This requires you to copy and paste commands into another terminal
session, which may be on a different computer.
Additionally you can specify scripts to prepare for validation and
perform the authentication procedure and/or clean up after it by using
the --manual-auth-hook and
--manual-cleanup-hook flags. This is described in more
depth in the hooks section.
Third-party plugins
There are also a number of third-party plugins for the client, provided by other developers. Many are beta/experimental, but some are already in widespread use:
| Plugin | Auth | Inst | Notes |
|---|---|---|---|
| plesk | Y | Y | Integration with the Plesk web hosting tool |
| haproxy | Y | Y | Integration with the HAProxy load balancer |
| s3front | Y | Y | Integration with Amazon CloudFront distribution of S3 buckets |
| gandi | Y | Y | Integration with Gandi's hosting products and API |
| varnish | Y | N | Obtain certs via a Varnish server |
| external | Y | N | A plugin for convenient scripting (See also ticket 2782) |
| icecast | N | Y | Deploy certs to Icecast 2 streaming media servers |
| pritunl | N | Y | Install certs in pritunl distributed OpenVPN servers |
| proxmox | N | Y | Install certs in Proxmox Virtualization servers |
| postfix | N | Y | STARTTLS Everywhere is becoming a Certbot Postfix/Exim plugin |
| heroku | Y | Y | Integration with Heroku SSL |
If you're interested, you can also write your own plugin <dev-plugin>.
Re-running Certbot
Running Certbot with the certonly or run
commands always requests the creation of a single new certificate, even
if you already have an existing certificate with some of the same domain
names.

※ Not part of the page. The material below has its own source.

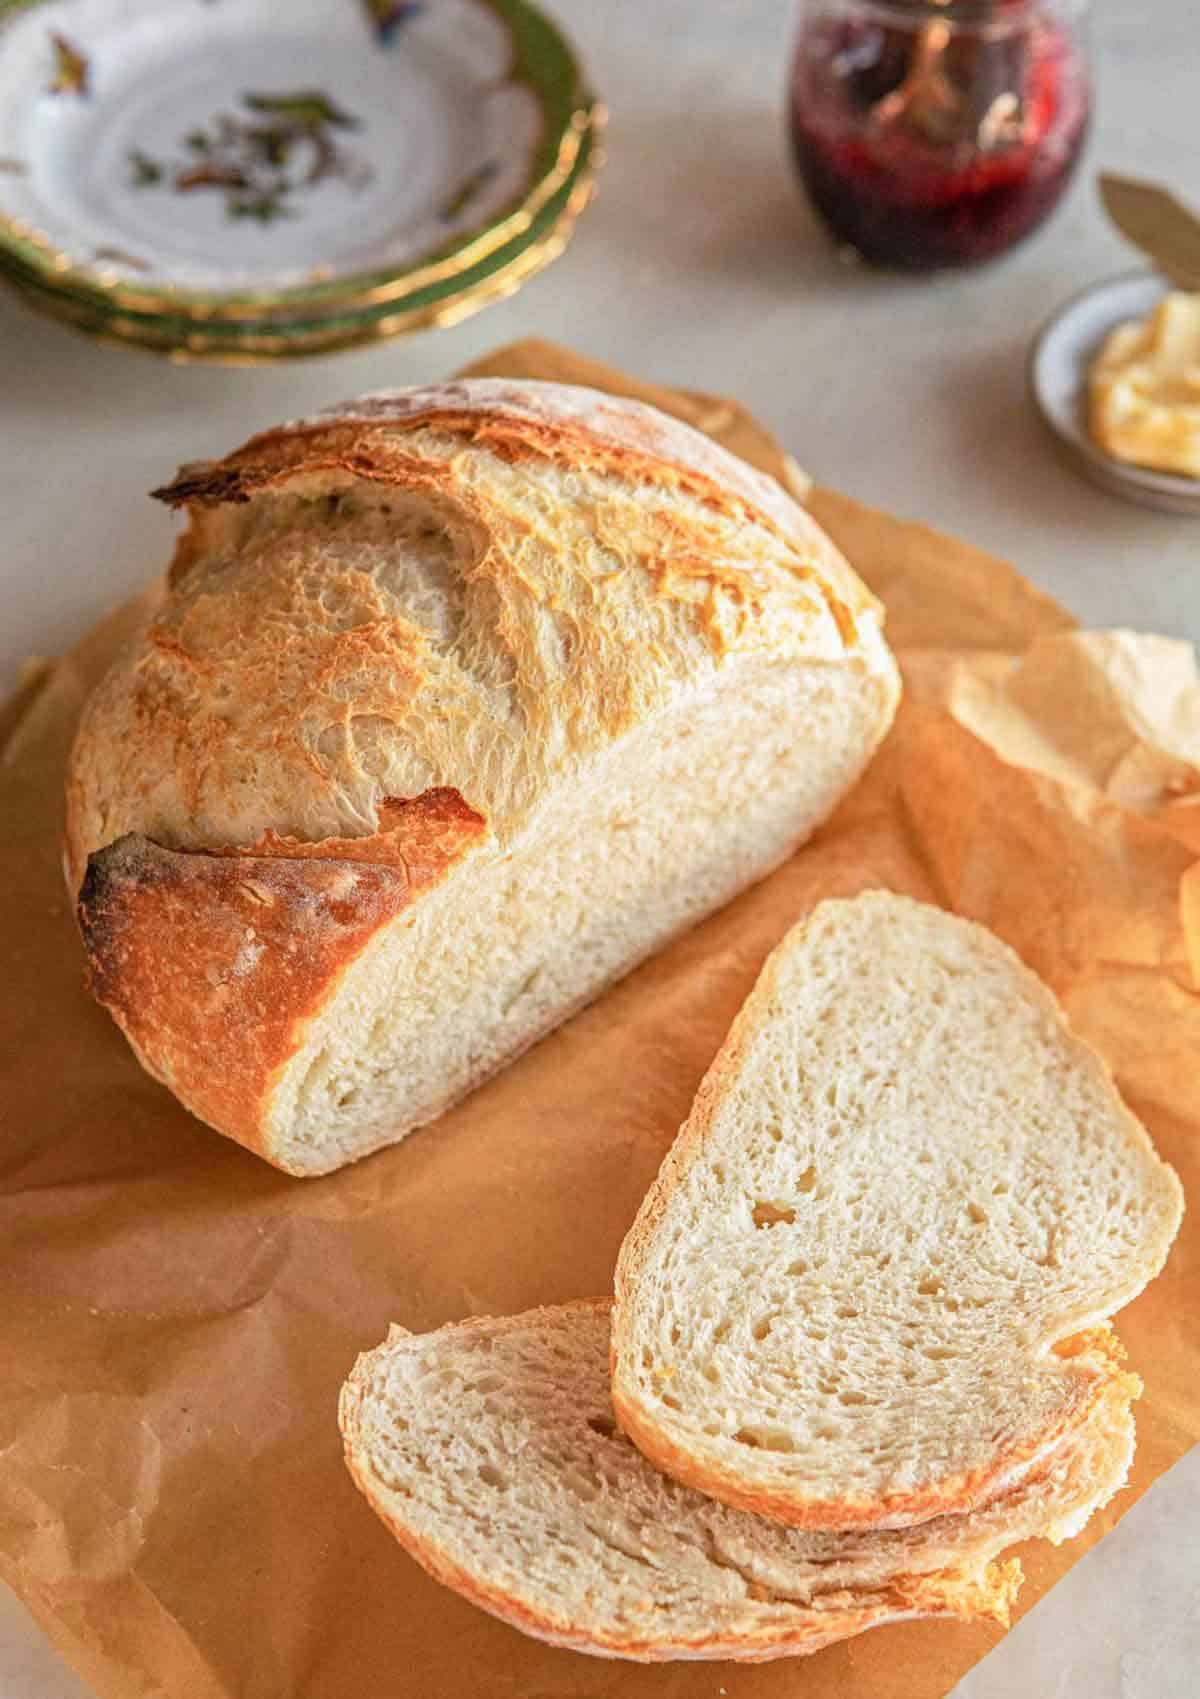 A boule of artisan bread with two slices cut in front.
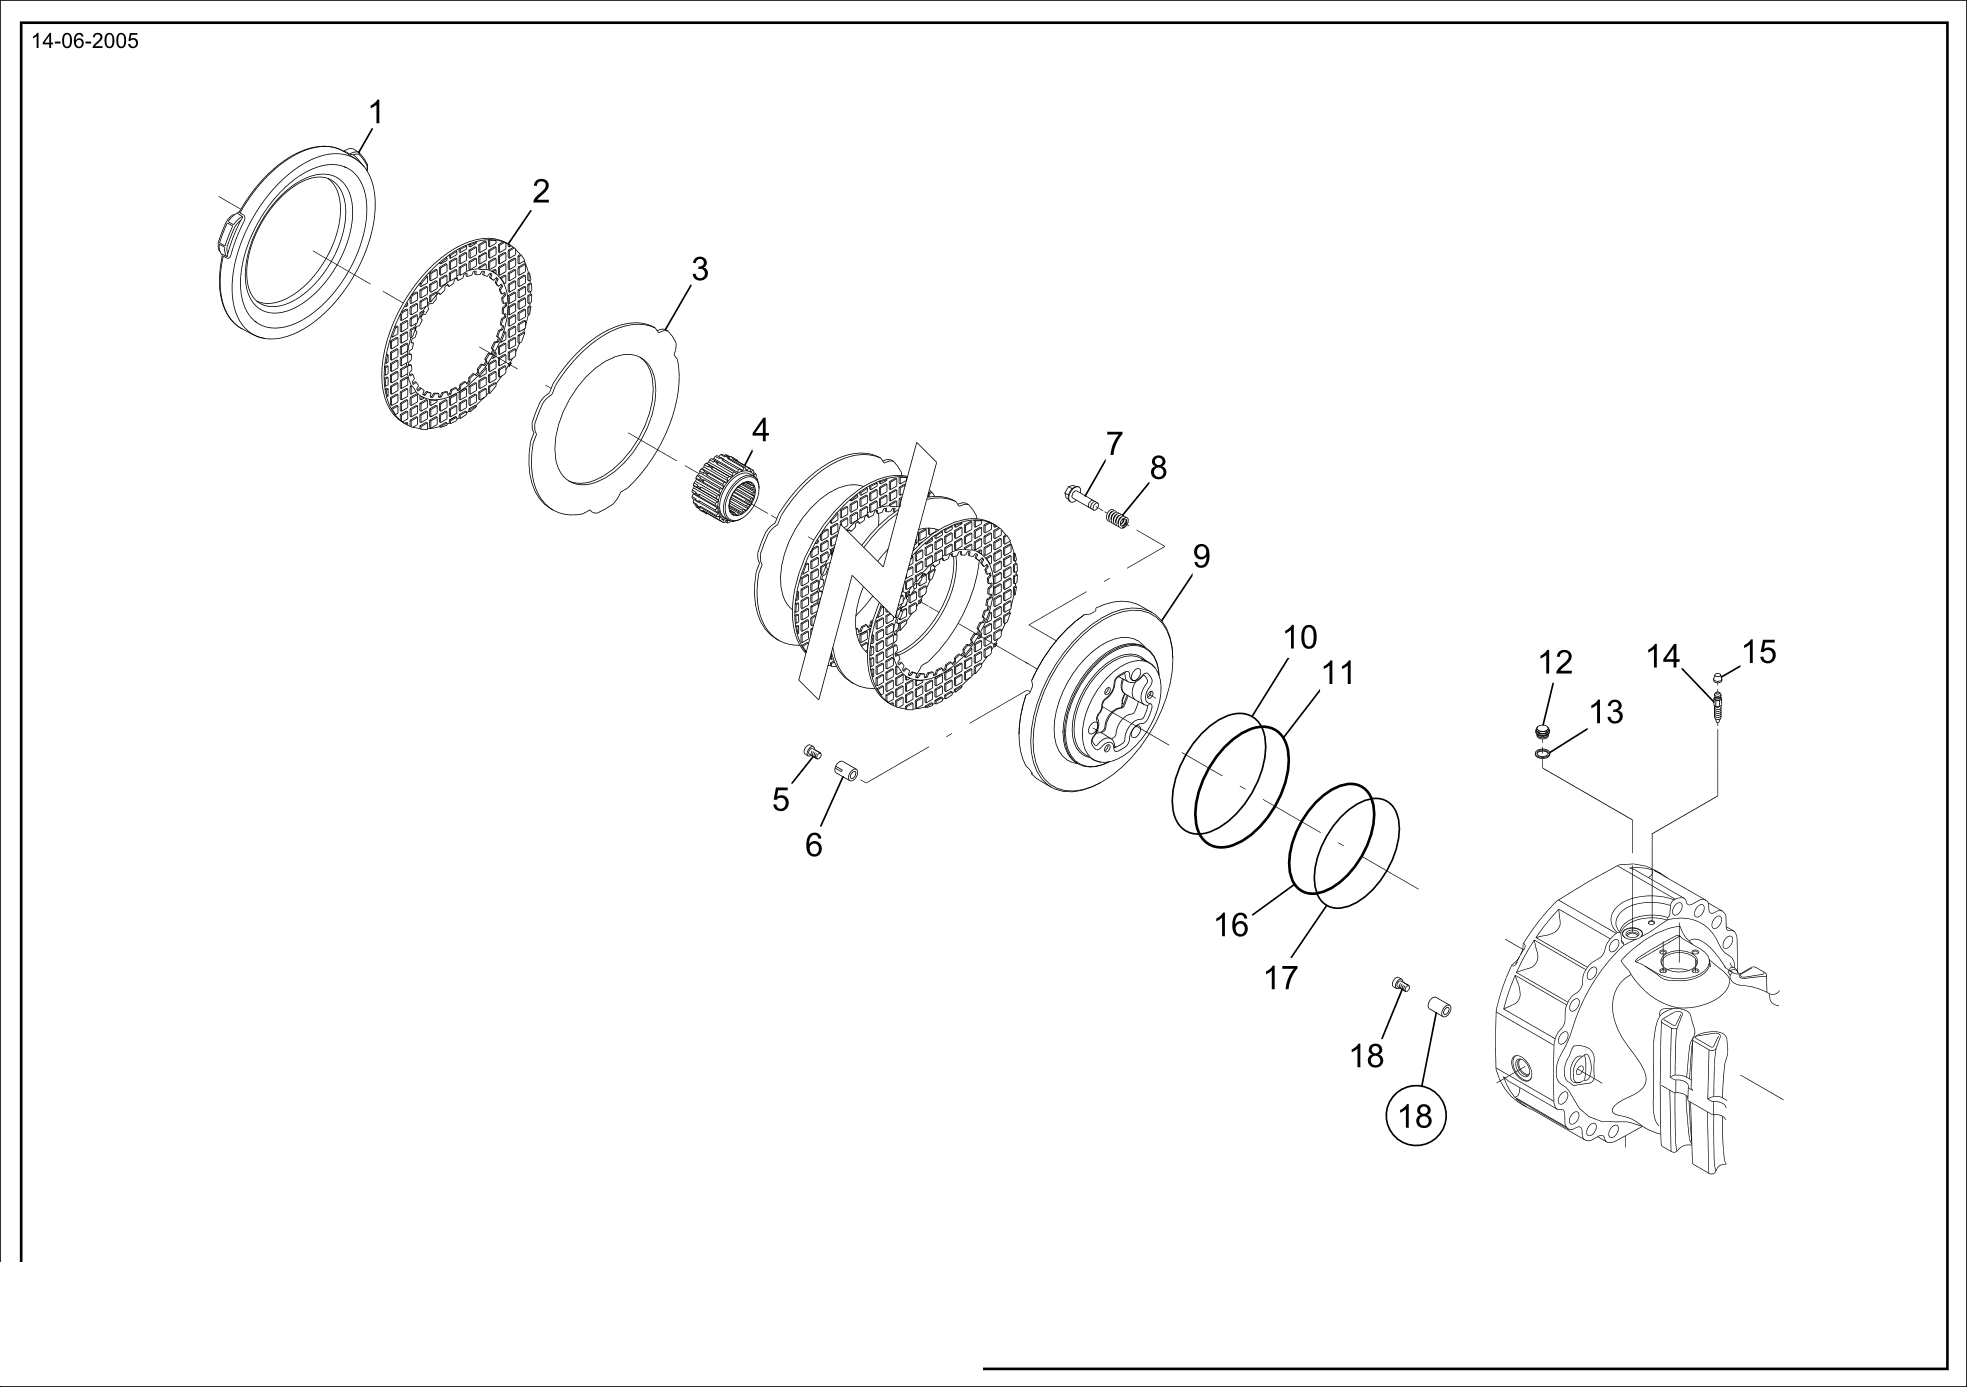 drawing for MERLO 048691 - SEAL (figure 5)

The --force-renewal, --duplicate, and
--expand options control Certbot's behavior in this case.
If you don't specify a requested behavior, Certbot may ask you what you
intended.
--force-renewal tells Certbot to request a new
certificate with the same domains as an existing certificate. (Each and
every domain must be explicitly specified via -d.) If
successful, this certificate will be saved alongside the earlier one and
symbolic links (the "live" reference) will be updated to
point to the new certificate. This is a valid method of explicitly
requesting the renewal of a specific individual certificate.
--duplicate tells Certbot to create a separate,
unrelated certificate with the same domains as an existing certificate.
This certificate will be saved completely separately from the prior one.
Most users probably do not want this behavior.
--expand tells Certbot to update an existing certificate
with a new certificate that contains all of the old domains and one or
more additional new domains.
--allow-subset-of-names tells Certbot to continue with
cert generation if only some of the specified domain authorizations can
be obtained. This may be useful if some domains specified in a
certificate no longer point at this system.
Whenever you obtain a new certificate in any of these ways, the new certificate exists alongside any previously-obtained certificates, whether or not the previous certificates have expired. The generation of a new certificate counts against several rate limits that are intended to prevent abuse of the ACME protocol, as described here.
Renewing certificates
Note
Let's Encrypt CA issues short-lived certificates (90 days). Make sure you renew the certificates at least once in 3 months.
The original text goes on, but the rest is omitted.